Что же получается? Значит, они не учатся сознательно читать, а упражняют память. А память у них и без того великолепная. Стихи и песни заучивают с лету. И никогда им не надоедают стихи и песни. Чтение готовы слушать часами. Иной как будто и не слушает: смотрит в сторону, вертится на месте, глаза рассеянные; а прерви чтение, спроси: "На чем я остановилась?" - ответит без запинки...
Уже маячил в недалеком будущем конец первой четверти. Марьяна думала с гордостью: "Что ж, мой первый итог будет не хуже, чем у н а с т о я щ и х, опытных учителей. Вон как бойко все читают".
Оказывается: не читают, а шпарят наизусть.
Чувство громадной ответственности поразило Марьяну. Народная учительница. Народ доверил ей тридцать две детские души, тридцать две судьбы... Она попыталась представить себе н а р о д, но это получилось только очень много людей, как на демонстрации в большом городе, мелькали знакомые лица - преподавателей, которые ее учили, юношей и девушек, принимавших ее когда-то в комсомол, женщин, с которыми она работала на сеноуборке в колхозе Чкалова, лица возникали и проплывали... Но вот всплыло одно лицо, знакомое до мельчайших черт, хотя она видела его только на портретах, и с ним она заговорила в мыслях:
"Товарищ Сталин! - сказала она. - Я понимаю, как это трудно. Но я отдам сердце..."

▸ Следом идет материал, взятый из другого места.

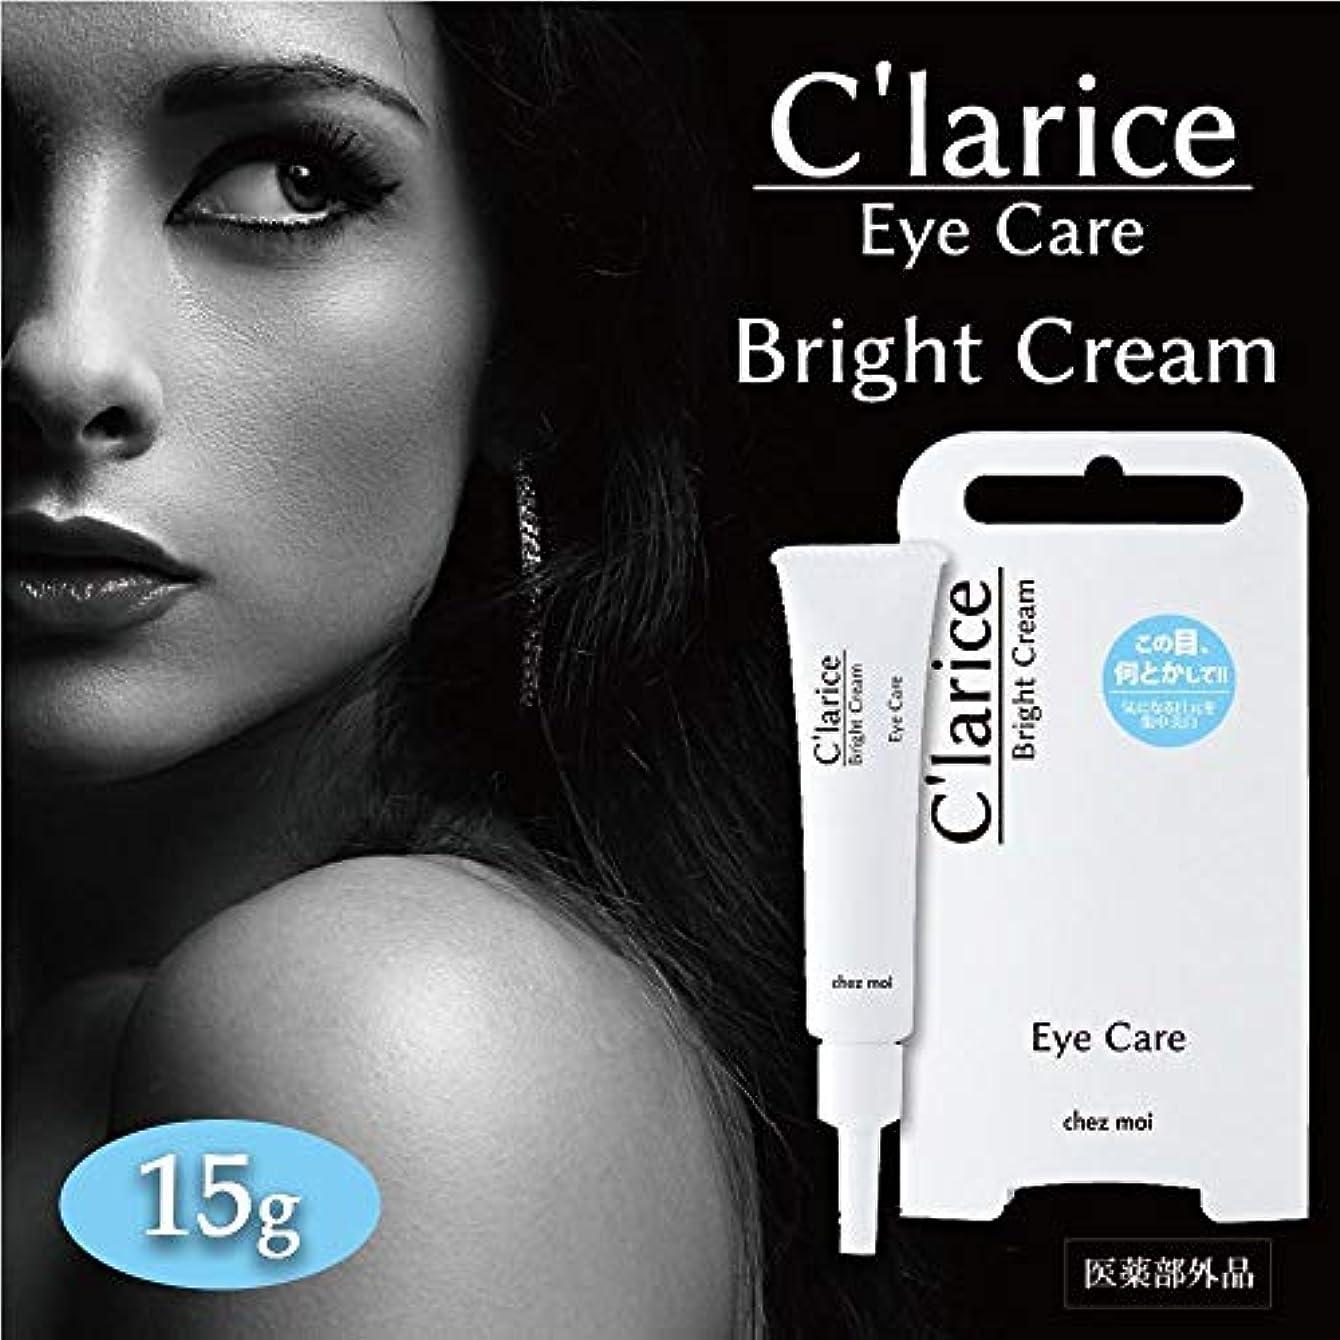 神の備品杖C'larice(クラリス) Eye Care ‐Bright Cream‐(ブライトクリーム) 医薬部外品 15g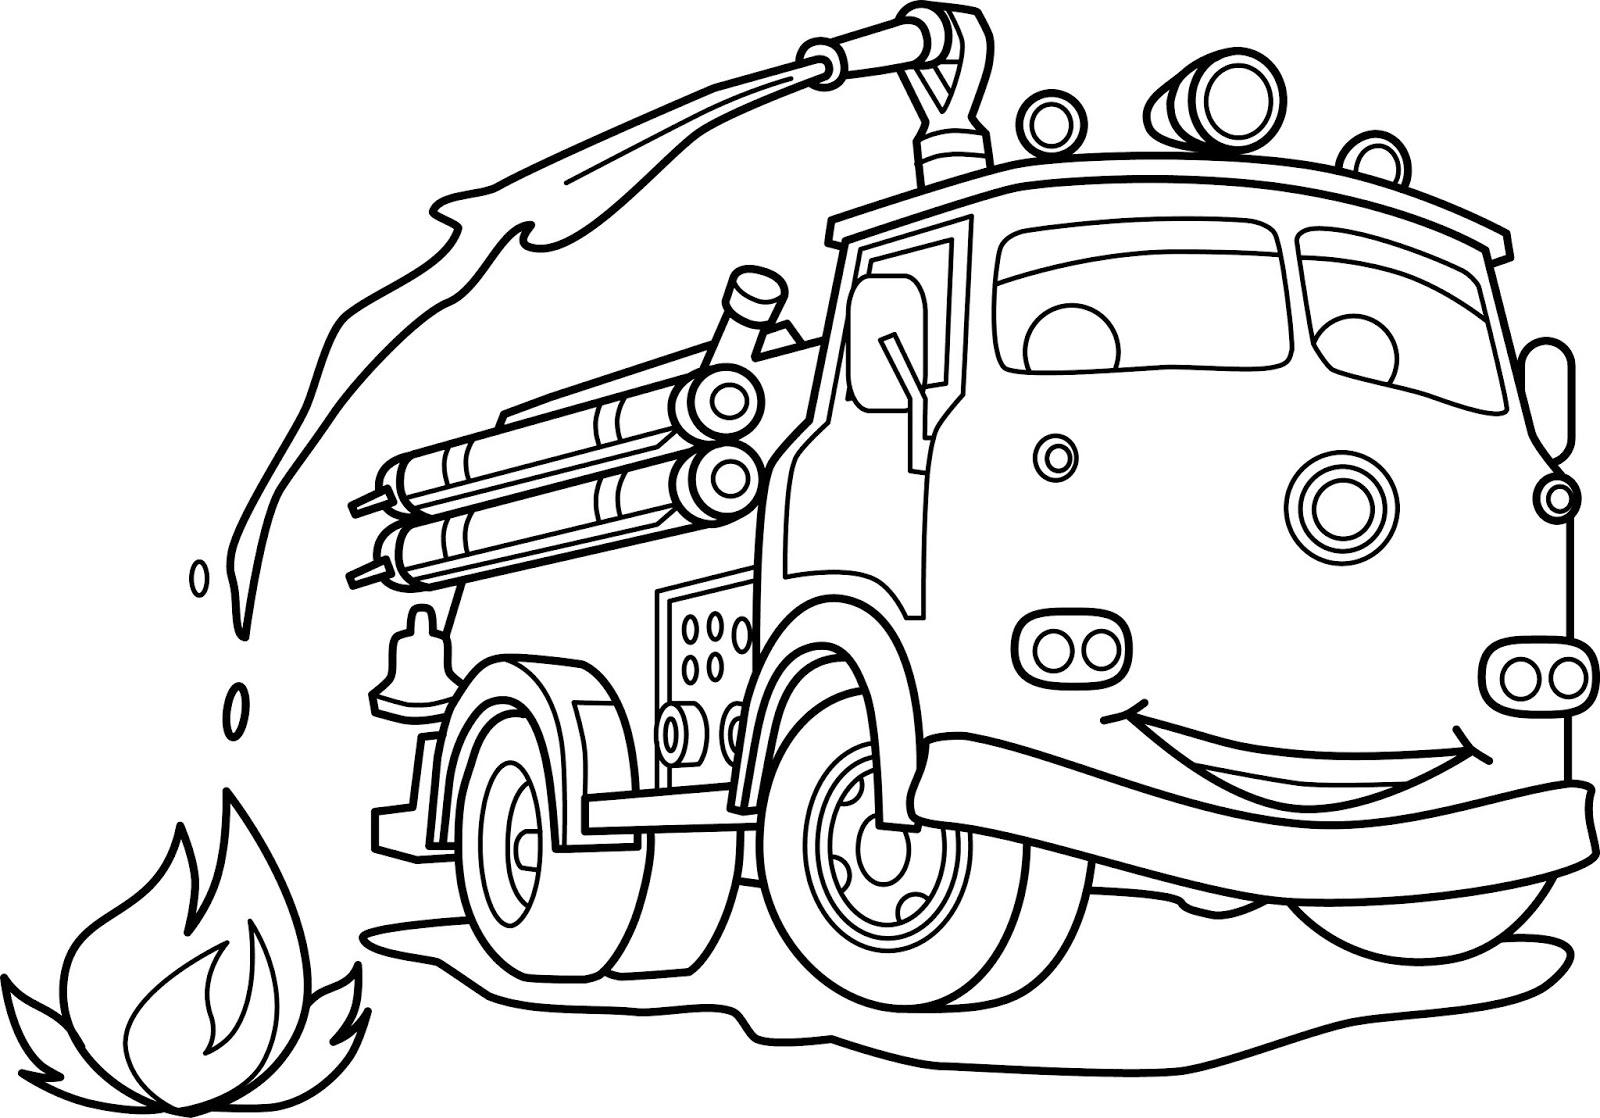 Animasi Mobil Damkar Download Belajar Menggambar Dan Mewarnai Mobil Pemadam Kebakaran Kuro

Профилакторий на первой ферме закончен, гора с плеч. Настасья Петровна перевела туда своих питомцев. Светлым теплым коридором профилакторий соединен с новой родилкой: удобно, красиво. Здание кирпичное, с большими окнами, похоже на больничный корпус.
Еще два телятника и один двор для взрослого скота - деревянные построены, покрыты, крыши покрашены, но нет ни окон, ни дверей, ни полов, все предстоит делать. Другие два двора, как предсказал Иконников, остались недостроенными: опять зарядили дожди, работать под открытым небом невозможно. Дороги раскисли - ни пройти ни проехать; поля набухли, как губка. Телятницы ходят в высоких сапогах, подобрав юбки, чтобы не занести грязи к телятам. Мокнут брошенные постройки, глядеть на них скучно.
- Я так и знал! - говорит Коростелев Алмазову.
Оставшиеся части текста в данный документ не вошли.